◆ **SUPPLIED INFORMATION**:

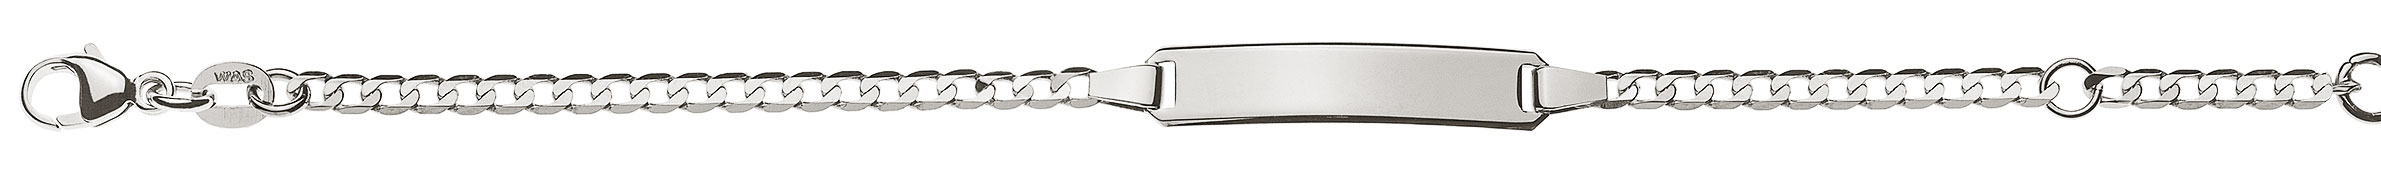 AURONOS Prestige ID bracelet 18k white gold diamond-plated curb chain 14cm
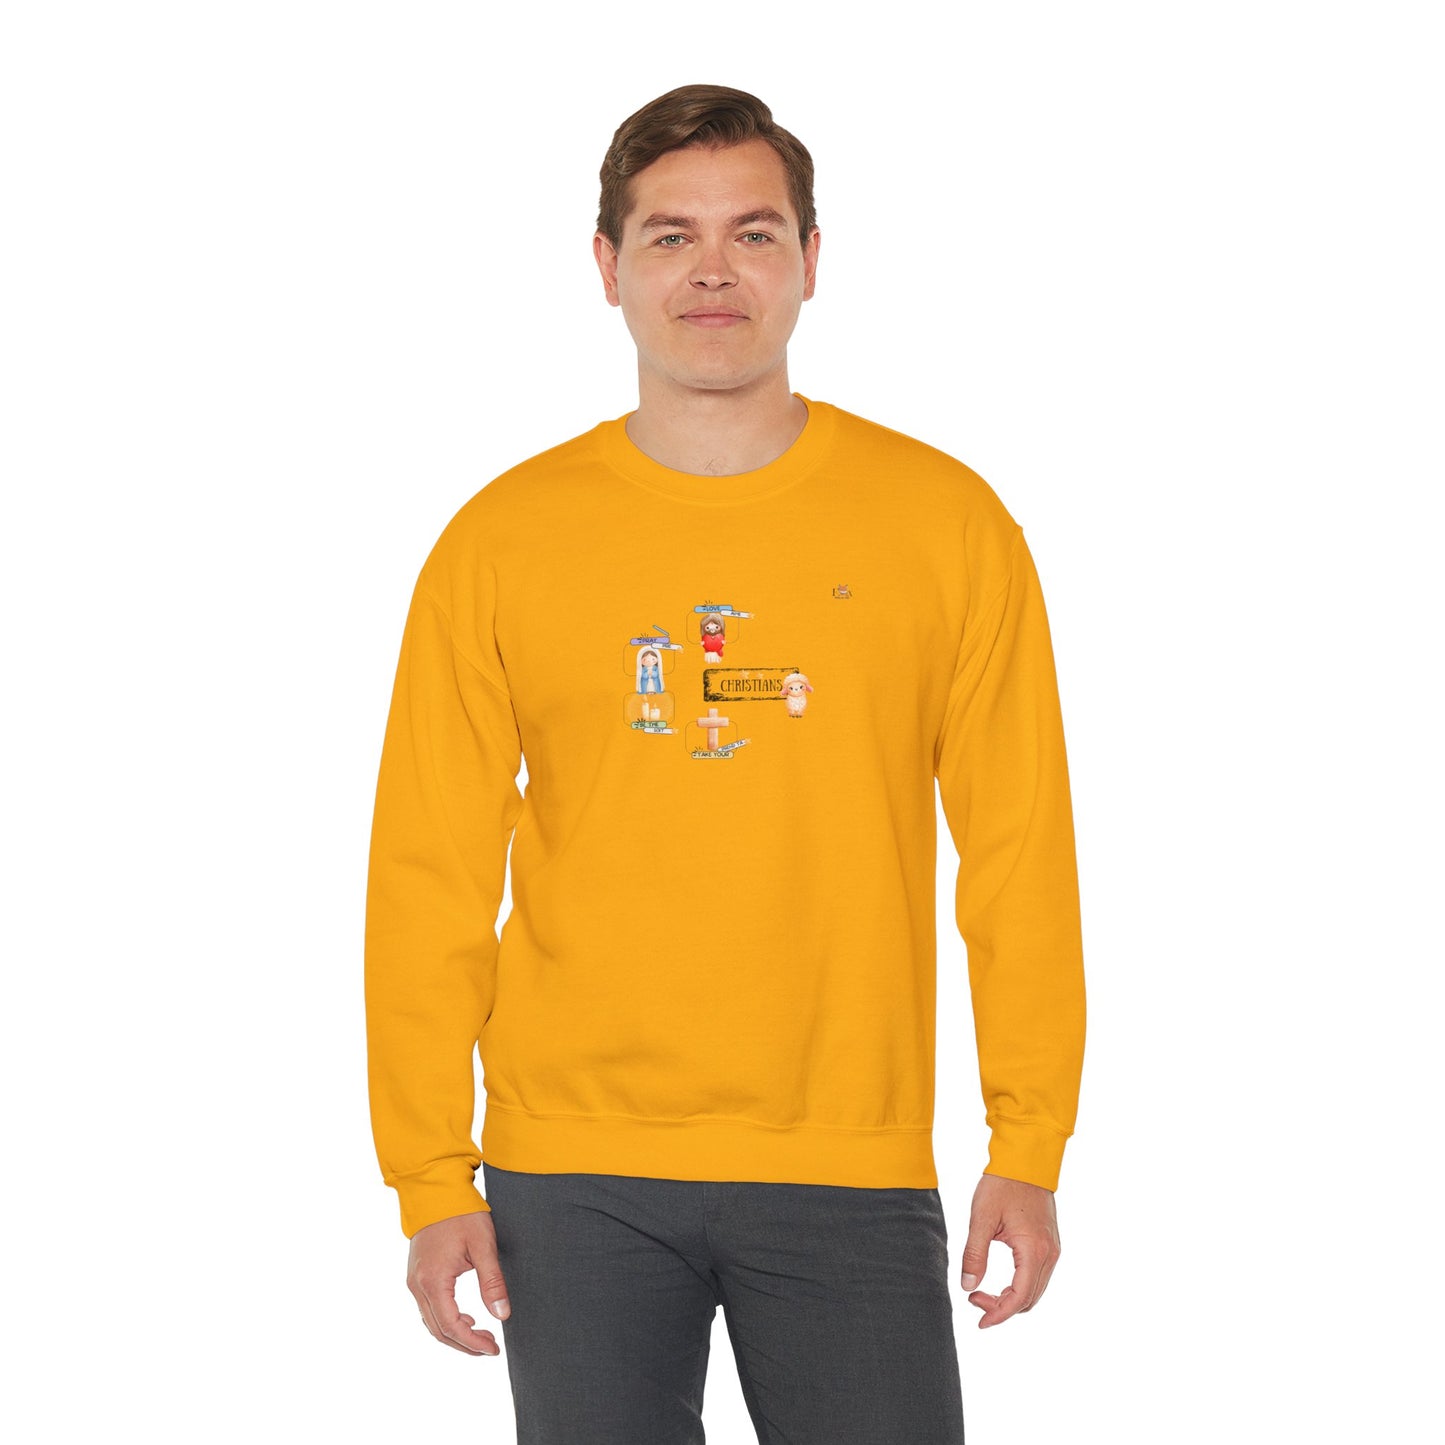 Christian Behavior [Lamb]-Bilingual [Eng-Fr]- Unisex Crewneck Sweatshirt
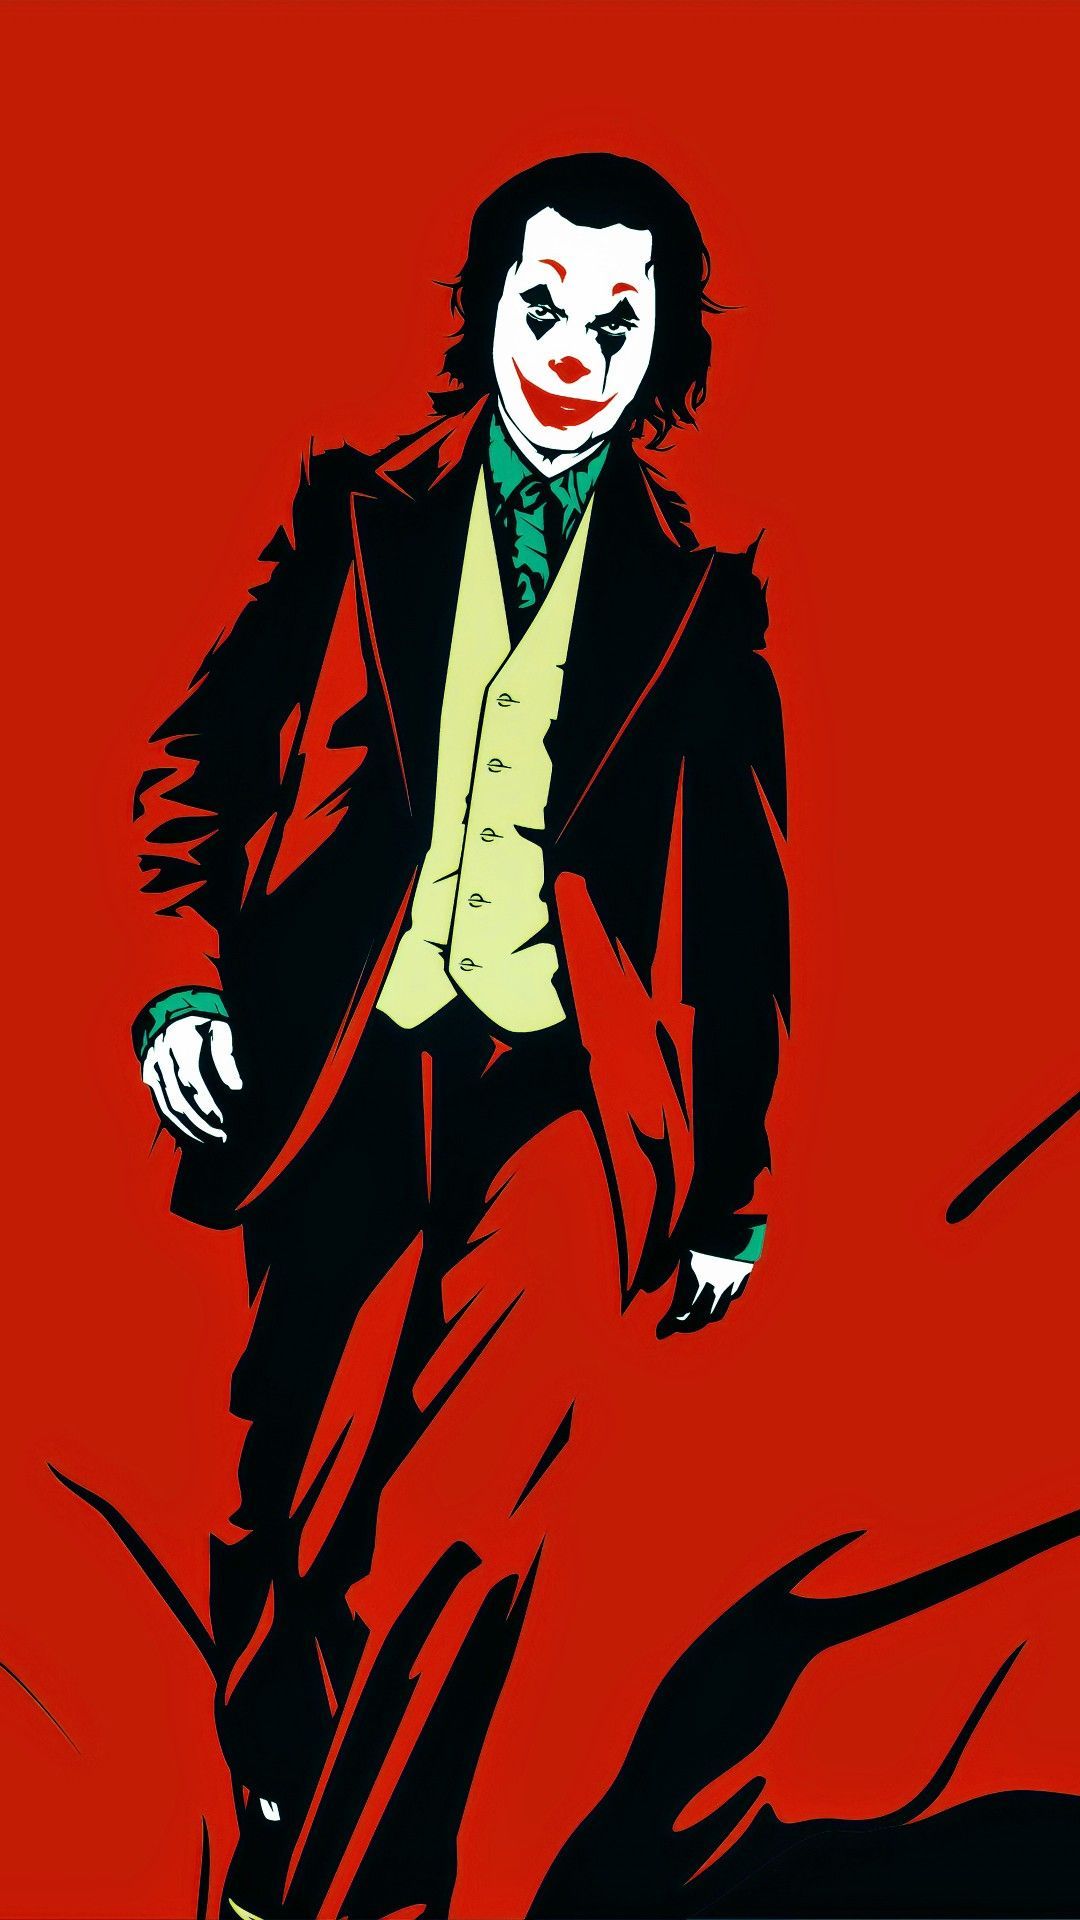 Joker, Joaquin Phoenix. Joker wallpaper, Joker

◆ **REQUIRED WORK**:
All of the material above should be reproduced exactly, except the pictures.

◆ **TASK ANSWER**:
 AURONOS Prestige ID bracelet 18k white gold diamond-plated curb chain 14cm
 Christian Behavior [Lamb]-Bilingual [Eng-Fr]- Unisex Crewneck Sweatshirt
 Joker, Joaquin Phoenix. Joker wallpaper, Joker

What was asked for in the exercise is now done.